Но тотчас вспомнил: Янина, убитая послушница – гермафродит. Rebis алхимиков. Двойная вещь, двуполое совершенное существо, изображаемое в виде двухголового человека. Или – головы с двумя лицами, мужским и женским, смотрящими в противоположные стороны. Зодиакальный знак гермафродита – близнецы. Лунные брат и сестра, соединившиеся телами и душами, символ идеальной целостности, единства противоположностей. Кроме того, Янина – тоже крестница митрополита, а ее родители – родственники. Греко-католическая церковь могла не признать их союз, уж тем более не согласиться благословить дитя инцеста. Странно, неужели никто об этом не знал? Отрекшийся поп Аристарх Ягайло говорил, что, венчая будущих отца и мать этой девушки, он опасался вероятных проблем из-за их родства. Но все обошлось. Янину не только не исторгли, но еще и позвали, когда она выросла, пройти послушание не где-нибудь в карпатском захолустье, а в самом Львове, в главном униатском храме, около митрополичьих покоев. Было у нее и золотое кольцо – подарок графа. Только оно потерялось.
Я мигом оделся, потушил чахлое пламя, закрыл дверь на ключ и побежал в университет, к историку Левику, но не нашел его в привычном месте.
– Он разбирает ящики с музейными экспонатами, застрявшие на железной дороге – сказали мне.
Ловко вырывая гвозди, раскрывал ящики с имуществом естественнонаучного собрания. Шкуры, чучела, скелеты, заспиртованные лягушки.....
– Не мой профиль, ответил Левик, пропустив мимо ушей мои отчаянные слова, – но больше некому. Побьют ведь при сборке, изверги! А тут бесценные экземпляры. Хвост истребленной стеллеровой коровы – подарок зоолога Дыбовского. Череп он перетащил в Варшаву, а хвост оставить студенты упросили..... Или вот – прелестный броненосец, не правда ли? Это гигантский панголин. Считался вымершим. Каждая пластинка его брони покрыта неизвестным составом, защищающим от индейских стрел.
– А пулей пробьет?
– Смотря какого калибра. Дробь бесполезна. Пуля нужна хорошая, как на медведя.
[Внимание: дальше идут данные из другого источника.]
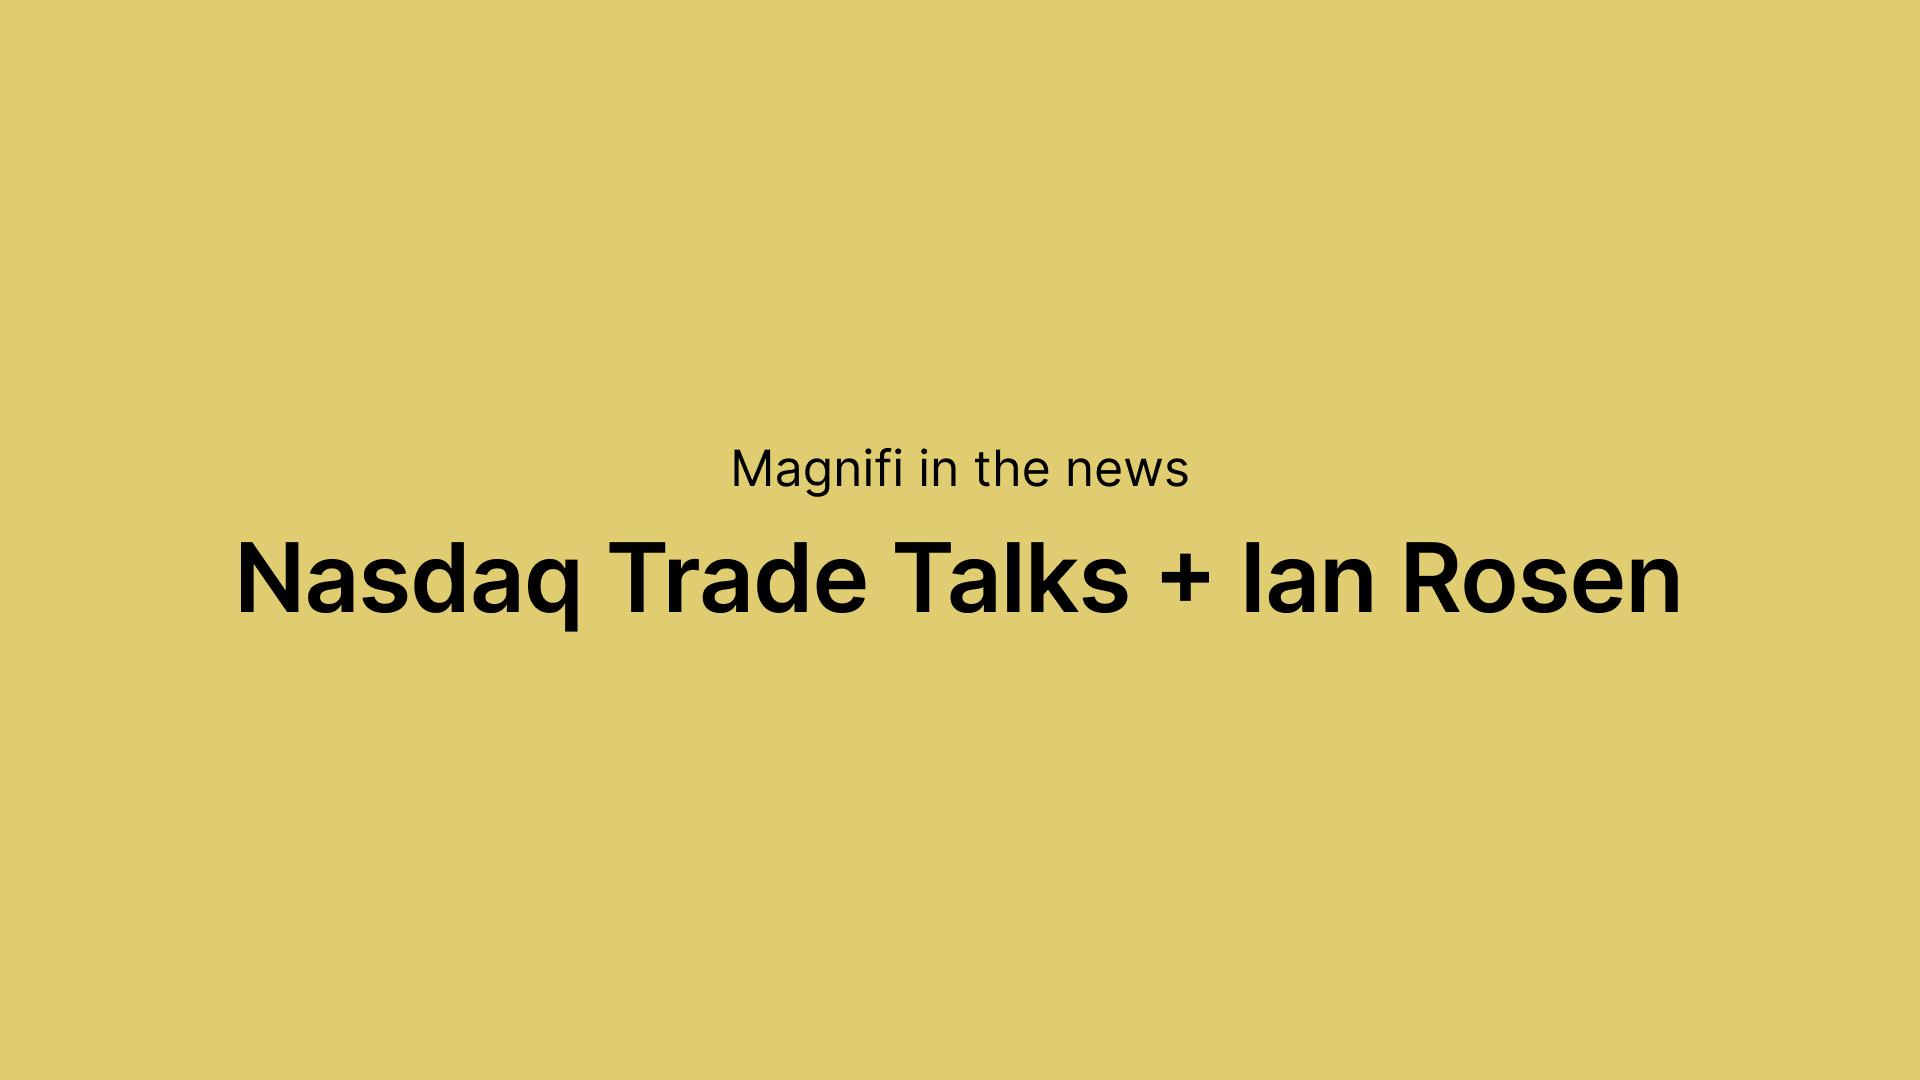 Magnifi in the news:
Nasdaq Trade Talks + Ian Rosen

– Я к вам не за броненосцем пришел. Что вы знаете о гермафродитах?
– О ком, простите? Каких еще Афродитах? Опять в кого-то втрескались, беспутник?
– Об алхимических гермафродитах – пояснил я. – Расскажите мне о них.
– Да чего уж тут сложного? Все эти забавные, но почти исчезнувшие, как панголин, братства мечтали преобразить грешную человеческую натуру.
Монашеские ордена называли это уподоблением Христу. Братья и сестры должны стать бесстрастными, бескорыстными. Подавить голос плоти. Пытались хранить целомудрие. Вериги навешивали, во власяницах бегали, годами не мылись, сушеным калом питались. Это особенно в русских монастырях развелось. Мух глотали. В гробах необитых спали. Я нарочно примитивно все это рассказываю, потому что мне эти фокусы смешны. Но, если покопаться, за этими юродствами кроется нечто большее, чем вызов природе.
Понимаете, есть одна вещь, которую труднее всего преодолеть. Это тайна пола. Что угодно можно над собой совершать – а это не уберешь. Или вы считаете, будто об этом лишь вчера говорить начали? Крафт-Эбинг, еще новый доктор появился по сексуальным неврозам, некто Фройд.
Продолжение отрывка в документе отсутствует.